The Cowboy Kid is studying the label of his own bottle of Bourbon as if memorizing it for a future theft. Possibly a truckload of it.
Leroy says, “You did a great job, Kid. I was expecting maybe three hundred and you talked him up to four and a half. Nice.” He’s thinking that maybe the Kid would have pocketed the difference and the Kid’s thinking he would have pocketed the difference except there was paperwork, dammit.
“I get a bonus, right? Anything over the base, I get a bonus.”
“That you do, Kid.” He lets the party go on for a bit, then announces it’s time to split the pot.
They gather around Kate’s big dining room table, shipped out all the way from Marshall Fields in Chicago, the best one they had, and screw the cost. She’s put out coasters against the guys fucking up the finish.
Leroy says, “Okay, we take the expenses off the top…” And gets a whole lot of grief for it.
“What the Hell?”
“You’re not serious?”
“Lord, fuck a duck!”
A lot of eyes turn his way. Unhappy eyes, most of them.
Leroy says, “Hey; it’s like a business, you guys. I had to pay for the land, the crews, airfare for you all to come out here.”
Grudging acceptance, if not actual agreement.
“Besides,” says Leroy. “You all know I wouldn’t cheat you.”
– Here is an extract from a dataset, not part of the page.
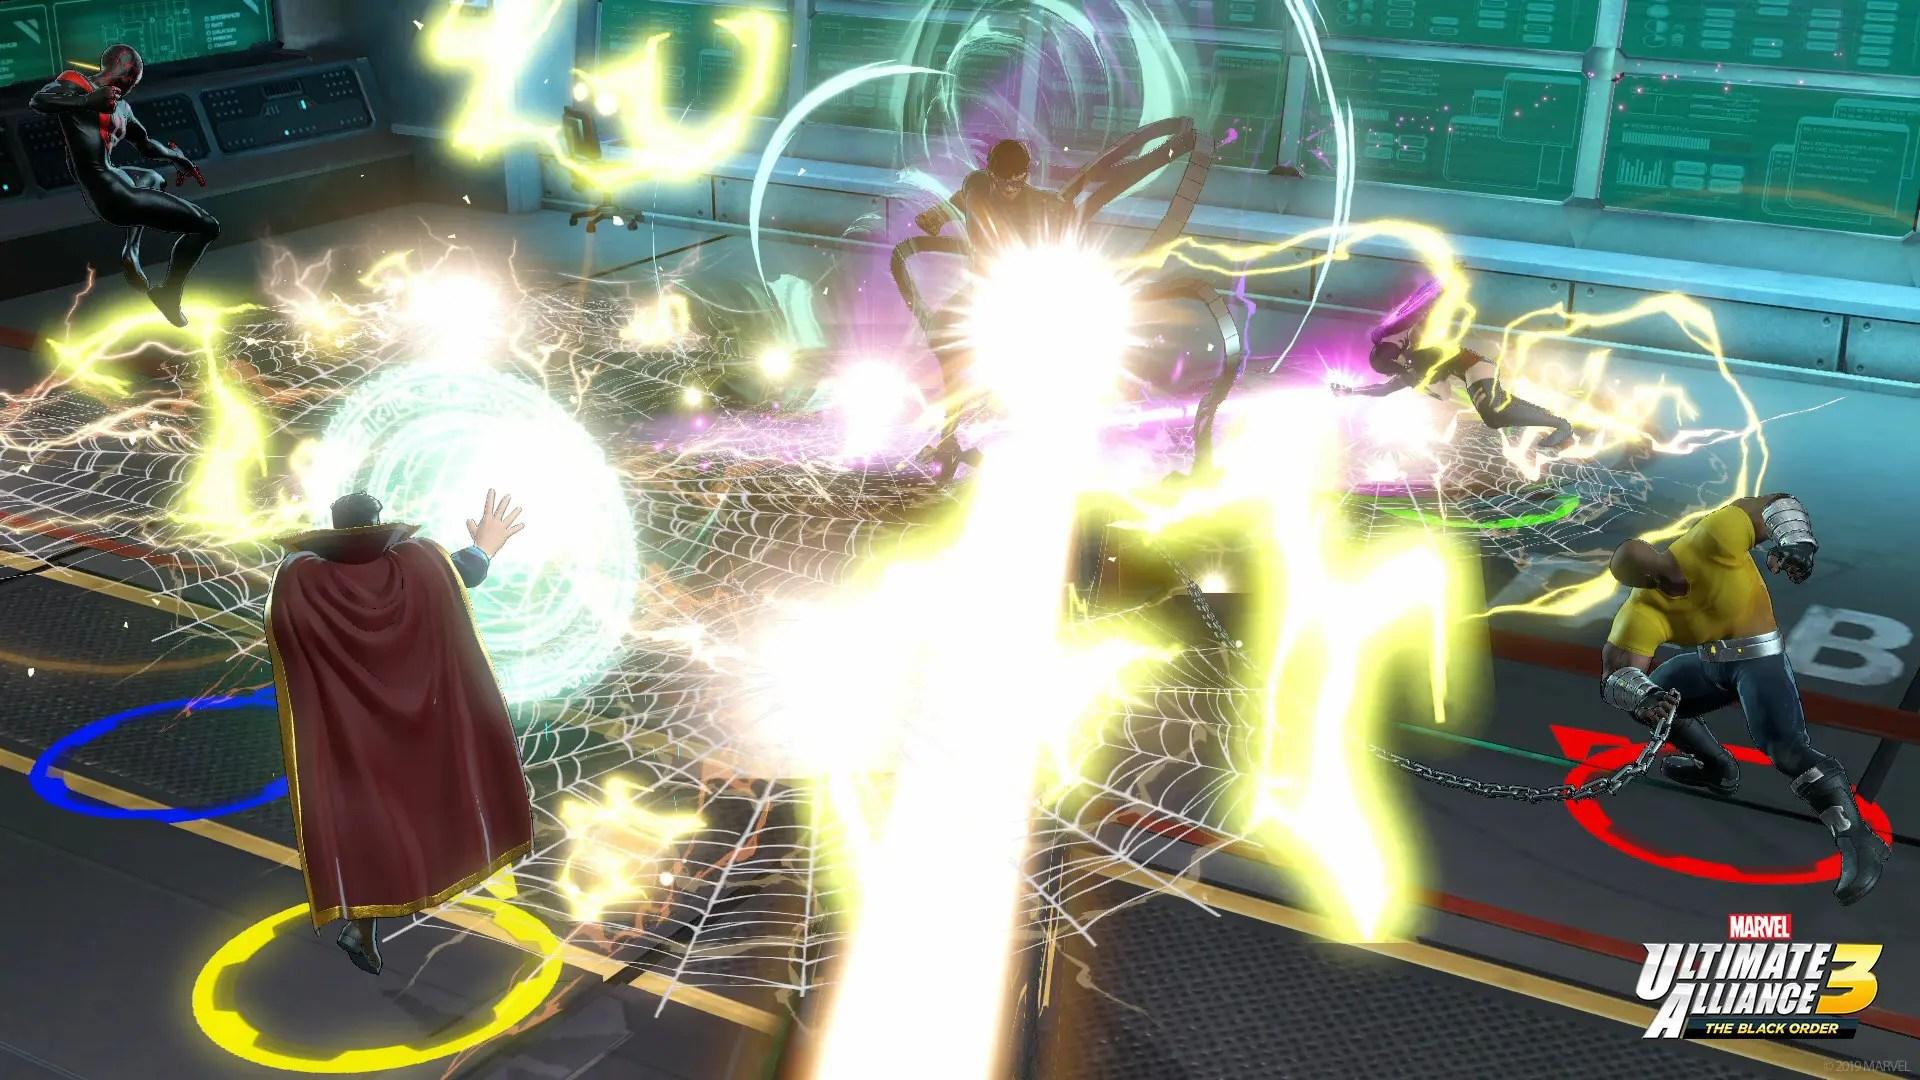 Marvel Ultimate Alliance 3: The Black Order E3 2019 Screenshot 6

“Yes, you would!” says Tucker.
“Sure,” agrees the Kid.
“In a heartbeat,” adds Tucker.
“Logan, you’d rob your mother, if she wasn’t too dead to stop you,” says Jimmy James, the more articulate of the crew. Kate has to smother a laugh at that one.
“Damn,” says Leroy. “You guys don’t trust me?”
“No,” says the Kid, surprised. “Of course not.”
“Who would?’ asks Tucker.
“You don’t trust you,” says Jimmy James. “And you’re smart to do it.”
“Jeez,” grouches Leroy. “I figured you guys would understand.” He shakes his head sadly, just as if he had feelings to hurt.
“Nobody would,” the Kid.
“Crikey, what a Mad Hatter idea,” says Tucker. “You’d be a bloomin’ nutter t
o think that.”
“Blooming,” agrees Jimmy. “Stark raving mad.’
“Fine,” Leroy sighs theatrically. “Let’s leave it up to Kate. You trust Kate, right?”
“Sure.”
“Damn becha!”
“Never a doubt, mate.”
Leroy turns to her and says carefully, “And none of us want to see her lose any money.”
Which causes Kate to smile at him.
“Well, guys,” she says, catching every eye. “In the words of the Yellow Kid…
“The nut comes off the head of the joint.”